13 Haziranda yoğun bakımdan çıktığında da öyle umutluydu ki gelecek günlerden. Geçirdiği operasyonun ciddiyeti umurunda bile değildi. Hep çok iyi bir öğrenci olmuştur Köksal. Büyük bir aşkla okuyordu, gerek sendikacılıktan gerek iş yüzünden okuyamadıklarını kaçırdıklarını yakalamaya çalışıyordu iyileşme döneminde. Nasılsın yeni kalp diye sorduğumda, umutla -öğrenecek çok şey yürünecek çok yol var- demişti. Sevginin emek olduğunu ve bu emeğin mücadele ile iç içe olduğunu öyle içlice bilirdi ki dilinden düşürmediği emeğin örgütlenmesinin önemini aşkla anlatırken gözlerinde denizler dalgalanırdı. Şimdi aklımda, yüreğimde onun o her zaman naif duruşu ve yürekli coşkusu.

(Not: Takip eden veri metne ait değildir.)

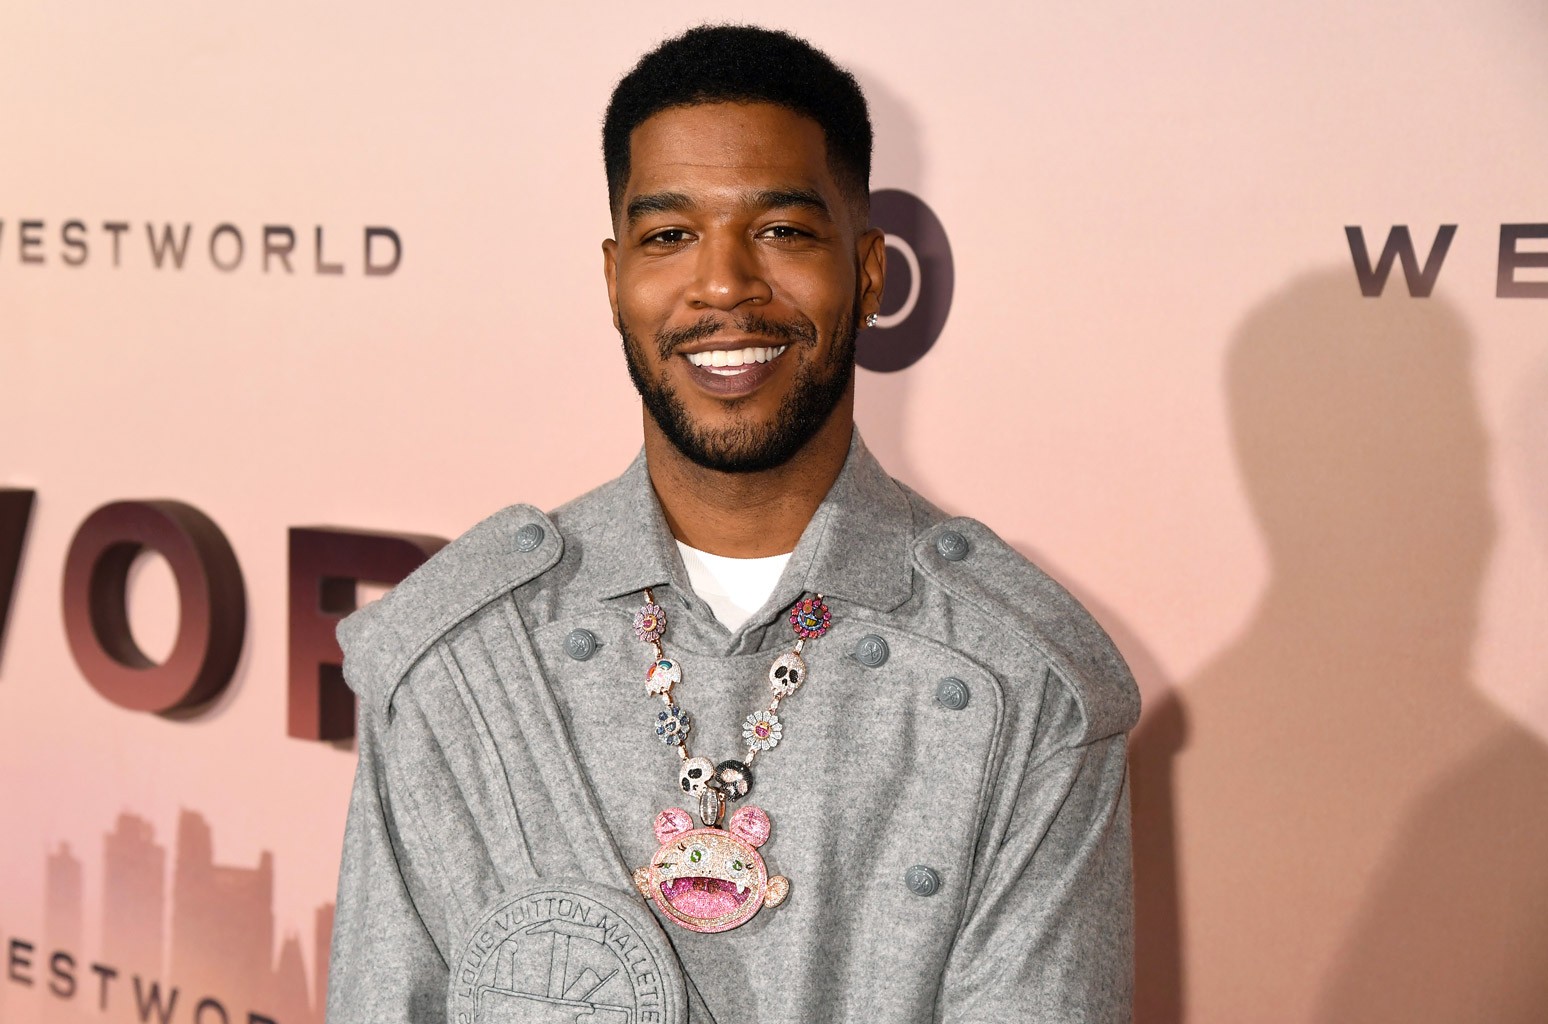 AFTER BEING CLOWNED FOR PAINTING HIS FINGERNAILS, KID CUDI TURNS OFF INSTAGRAM COMMENTS: ‘FUCK WAY OFF’

Ama bu söylediklerin gerçekçi değil demiştim 25 Haziran seçim sonuçlarını konuşurken, gerçekçi olmamalısın zaten, yoksa düşünemediklerinle nasıl mücadele edeceksin demişti. Ne kadar da haklıydı. Köksal’ın devrimci ve çocuksu coşkunluğu beni, seçim sonuçlarının çok ötesinde aydınlık ve özgür düşlere bile taşımıştı böylece.

Aramızdaki yaş farkını unutsam bir ilkokul çocuğunun heyecanı vardı sesinde Köksal’ın diyebilirim. Uzun uzun anlatırdı solu, solun örgütleyemediklerini neden örgütleyemediğini, ortak ve derin yanlışların kaynağını, örgütlenmenin önemini, hasretlerini, sendikadaki gözlemlerini.

Bir de hep umut ve hasretle anlatırdı memleketi Şavşat’a dair hayallerini Köksal, Karadeniz’in çocuksu yeşilliğine olan hasretini. Şimdi Şavşat’ın sonsuz yeşilliklerinde, mücadelenin aydınlığıyla kurulmuş bir sofradan elinde sazın, masmavi titrek sesinle “Merhaba” diyorsun bizlere biliyorum dostum.